Le risque moral et l’antisélection sont des facteurs distincts, mais ils ont les mêmes conséquences pour les assureurs privés, car ils s’appliquent tous deux à un assureur privé qui consent à assurer uniquement les « bons risques ». Le risque moral désigne le fait que les particuliers sont davantage portés à acheter de l’assurance s’ils estiment qu’ils pourraient avoir besoin des services en question. L’antisélection se rapporte au fait que les assureurs cherchent à éviter les personnes les plus susceptibles de leur coûter cher. En réponse aux deux situations, les assureurs privés peuvent refuser d’assurer l’intéressé ou percevoir des primes plus élevées. Par conséquent, dans un marché de l’assurance privée, les particuliers ayant des problèmes de santé pourraient devoir payer des cotisations plus élevées ou accepter une couverture réduite. De même, à primes équivalentes, les personnes défavorisées sur le plan économique auraient à assumer une proportion relativement plus élevée des coûts des soins de santé. Or ce n’est pas du tout le cas du régime d’assurance-santé public, qui garantit l’accès à l’assurance, quel que soit l’état de santé ou la capacité de payer de l’intéressé.

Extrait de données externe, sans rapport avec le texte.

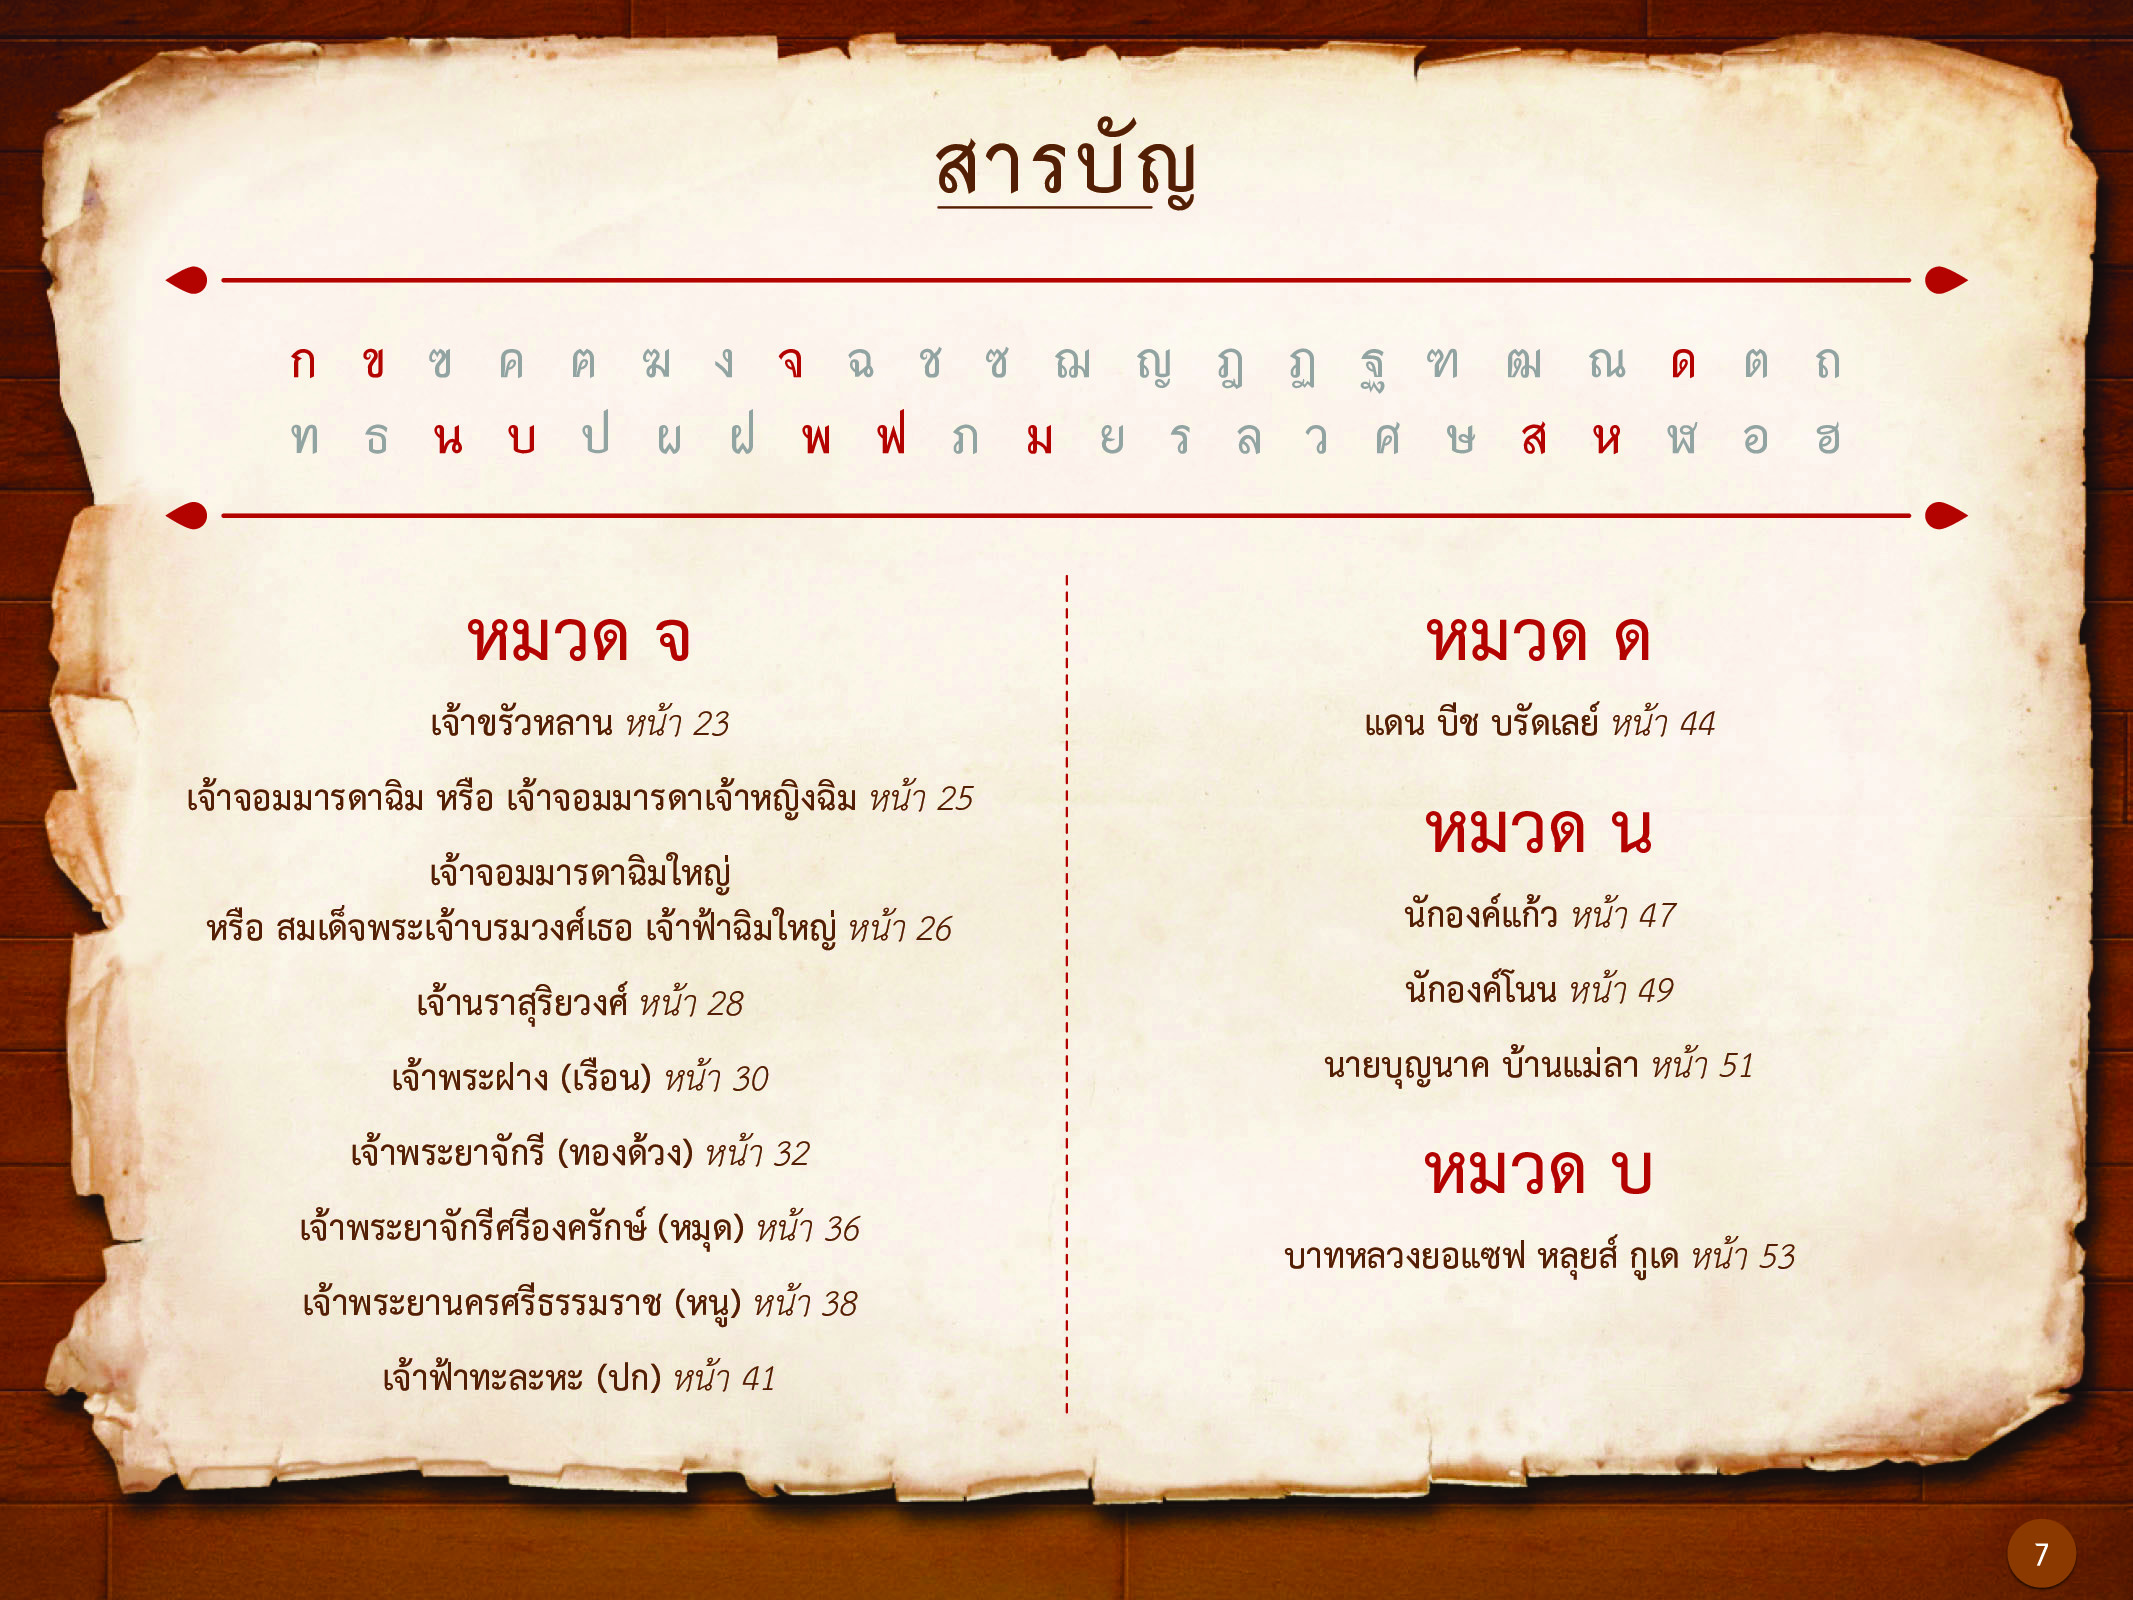 ประวัติศาสตร์กรุงธนบุรี ./images/history_dhonburi/7.jpg

De plus, le domaine de l’assurance offre des économies d’échelle inhérentes. Si certains coûts (le règlement des demandes de paiement, par exemple) sont fonction du volume d’activité, d’autres (l’établissement des taux, par exemple) restent identiques quel que soit le nombre de personnes assurées. En règle générale, les grandes compagnies d’assurance ont des coûts relativement inférieurs à ceux des petits assureurs. Un assureur unique (ou payeur unique), pour qui le traitement des demandes et des données est centralisé, profite beaucoup de ces économies d’échelle parce que ses frais d’administration sont relativement faibles. Lorsque le payeur unique est un organe public, il est possible de réduire encore plus les coûts administratifs parce qu’aucune cotisation n’est perçue et que les fonds nécessaires proviennent des recettes publiques.
Dans l’ensemble, les déficiences du marché et des considérations liées à l’équité et à la justice expliquent une large part de l’engagement des gouvernements dans le domaine des soins de santé. Comme nous l’avons dit précédemment, de nombreux pays, dont le Canada, ont préféré accorder au secteur public un rôle plus important dans le domaine de l’assurance-santé. Les pays qui ont autorisé l’assurance-santé privée, notamment l’Australie, les Pays-Bas et la Suède, contrôlent aussi le marché privé dans une large mesure, car ils réglementent le niveau des cotisations, des quote-parts et des franchises que peuvent fixer les assureurs privés.
Observations au sujet des choix offerts
6.1 Nécessité d’un choix réaliste d’options
Lorsque le Comité a entamé une étude du rôle du gouvernement fédéral dans le secteur de la santé et des soins de santé, il avait pour objectif principal de stimuler le débat public sur les options que le gouvernement fédéral devrait retenir pour relever adéquatement les défis auxquels il était confronté dans ces domaines. Le rapport est le vecteur retenu par le Comité pour lancer ce débat.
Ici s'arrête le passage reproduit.